If anyone wants to know this today, you can get a ton of information about a video from it's player
. YouTube's undocumented youtubei
API has multiple libraries in languages like JavaScript, Python and even Rust trying to tame it. (I'm writing a replacement for the broken Rust one). If you don't want to use any of these, or there isn't one for your language and this information is still valid:
Request
You can make a POST request to https://www.youtube.com/youtubei/v1/player?key=AIzaSyAO_FJ2SlqU8Q4STEHLGCilw_Y9_11qcW8&prettyPrint=false
(The key is the one that the YouTube web client uses) with the following HTTP headers:
Accept-Language
: en-US,en;q=0.5
(You can obviously change the language)
Content-Type
: application/json
X-Youtube-Client-Name
: 1
(To pretend to be the web client)
X-Youtube-Client-Version
: 2.20230607.06.00
Sec-Fetch-Mode
: no-cors
Then set the user agent to something that looks like a browser (juz grab it from ya browza), I don't know if they check it, but ♂️ just in case (you know).
In terms of the request JSON, it should look like this:
{
"context": {
"hl": "en",
"clientName": "WEB",
"clientVersion": "2.20230607.06.00",
},
"videoId": "{video_id}",
"params": "" // These are a little odd, you won't really have any of these so leave it blank
}
No, don't actually put that comment in there!

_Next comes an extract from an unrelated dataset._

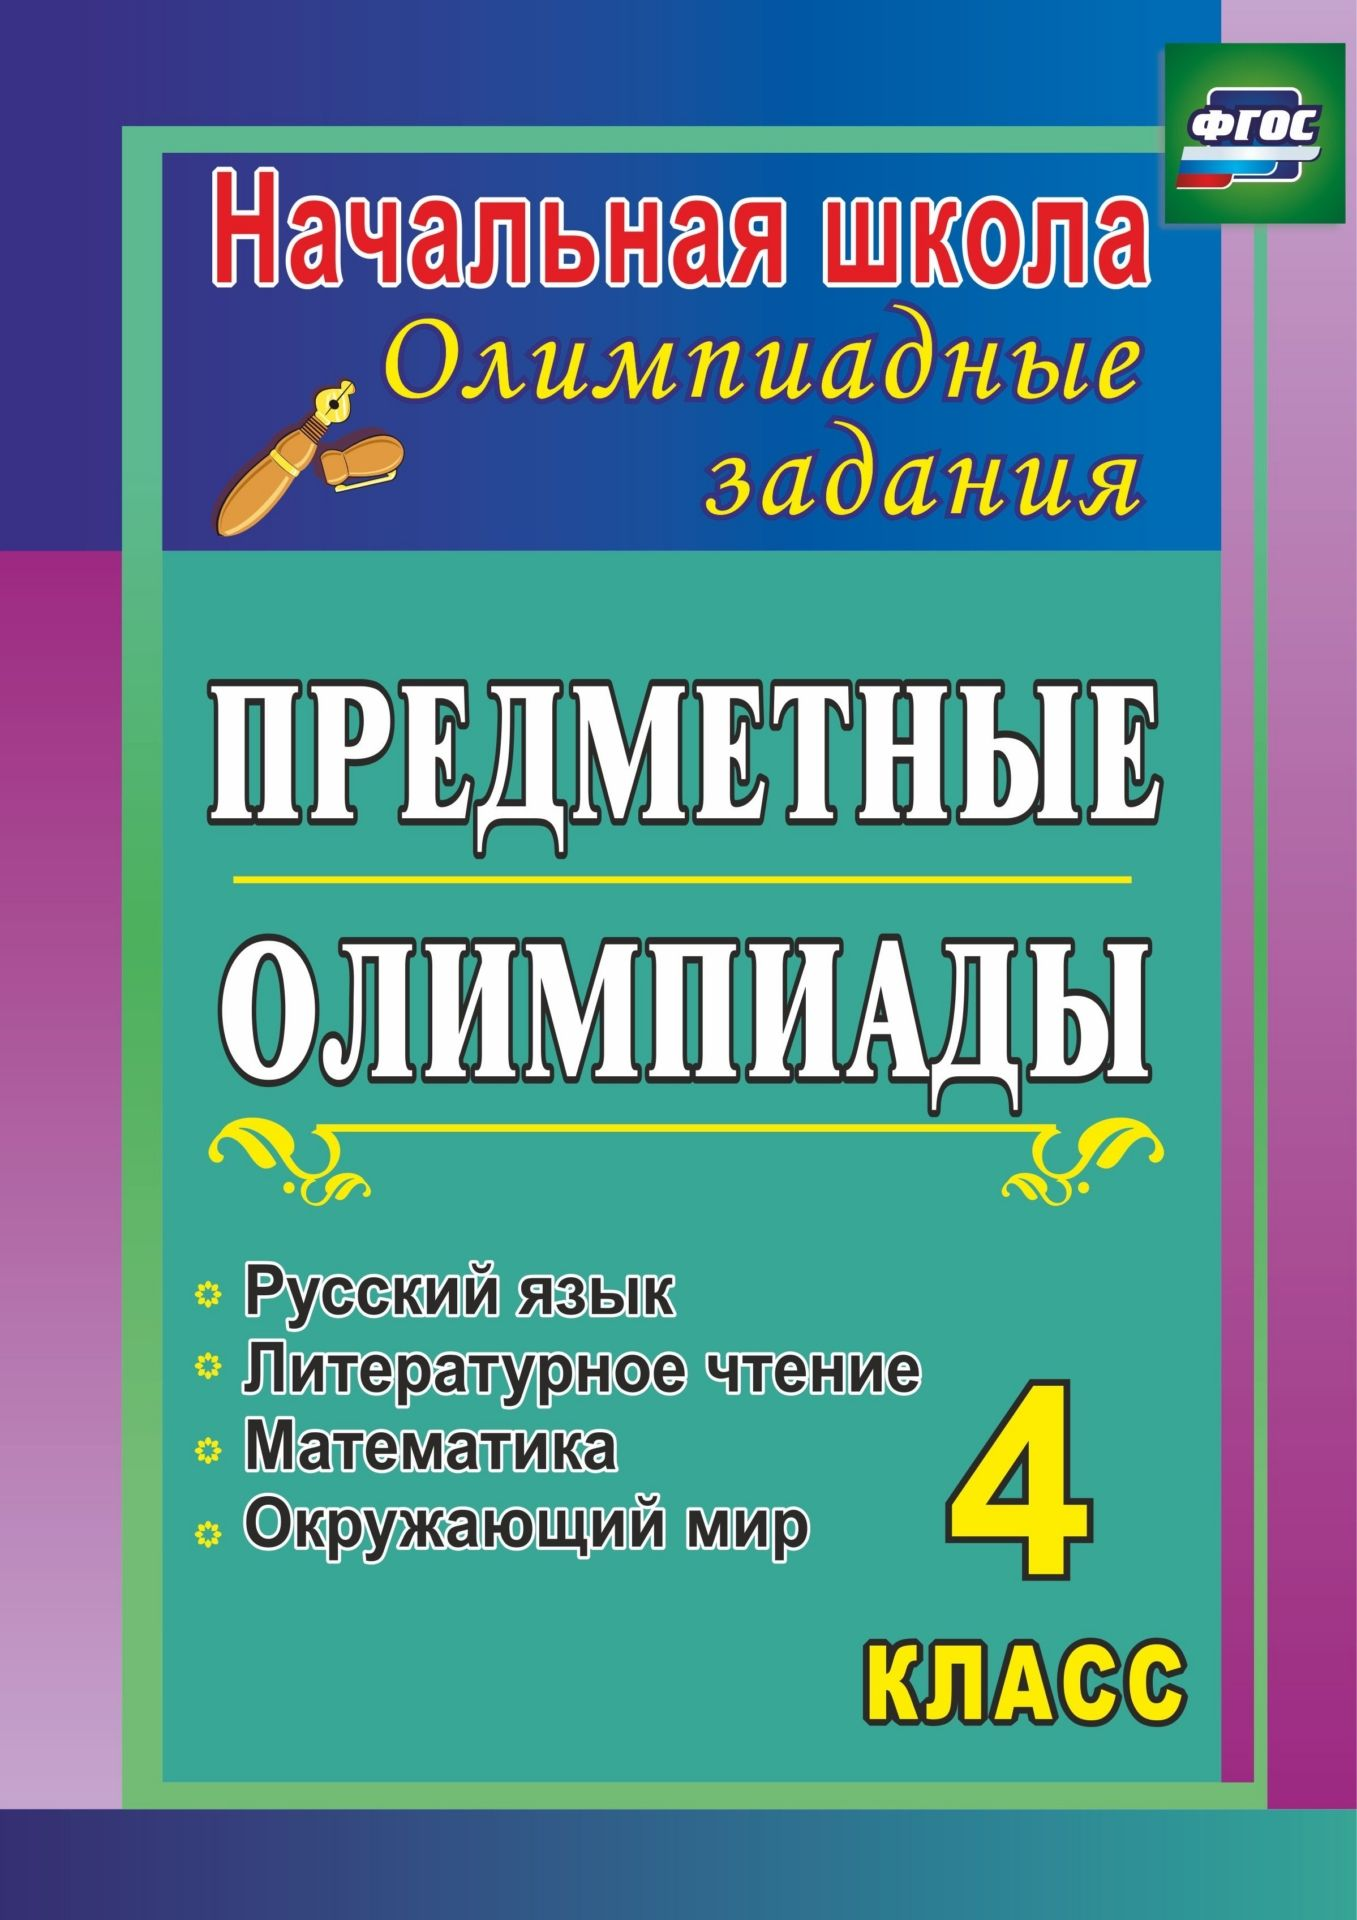 Предметные олимпиады. 4 класс. Русский язык, математика, литературное чтение, окружающий мирПредметы<br>Представленные в пособии олимпиадные задания по русскому языку, математике, литературному чтению, окружающему миру с ответами для учащихся 4 класса помогут педагогу научить младших школьников использовать общеучебные, логические и познавательные универсал...<br><br>Авторы: др., Сверчкова Г. И.<br>Год: 2017<br>Серия: Начальная школа<br>ISBN: 978-5-7057-3832-8<br>Высота: 285<br>Ширина: 203<br>Толщина: 1<br>Переплёт: мягкая, скрепка

That's for your education.
Response
There's a ton of useful information in this response, but we're looking for captions. Let's call the root of the response response
. We find captions, as of June 2023, response
⇾captions
⇾playerCaptionsTracklistRenderer
⇾captionTracks
(if captions
doesn't exist, it's because captions don't exist for the video). This captionTracks
is an array of objects that look like this:
{
"baseUrl": "https://www.youtube.com/api/timedtext?v=c0td7Noukww&caps=asr&opi=112496729&xoaf=5&hl=en&ip=0.0.0.0&ipbits=0&expire=1687045036&sparams=ip,ipbits,expire,v,caps,opi,xoaf&signature=35A403189649A24C75C8CE6CB6016B46D9385CC4.1F3E3B7FF4670E84747F5C24DE2B119B04BA9F47&key=yt8&kind=asr&lang=en",
"name": {
"simpleText": "English (auto-generated)"
},
"vssId": "a.en",
"languageCode": "en",
"kind": "asr",
"isTranslatable": true
}
If you make a GET request to this baseUrl
, you'll get in response HTML encoded text captions. By appending &fmt=vtt
You'll get WebVTT captions. That means time data, so we can have real subtitles and even convert to SRT for usage in video players if we download the video.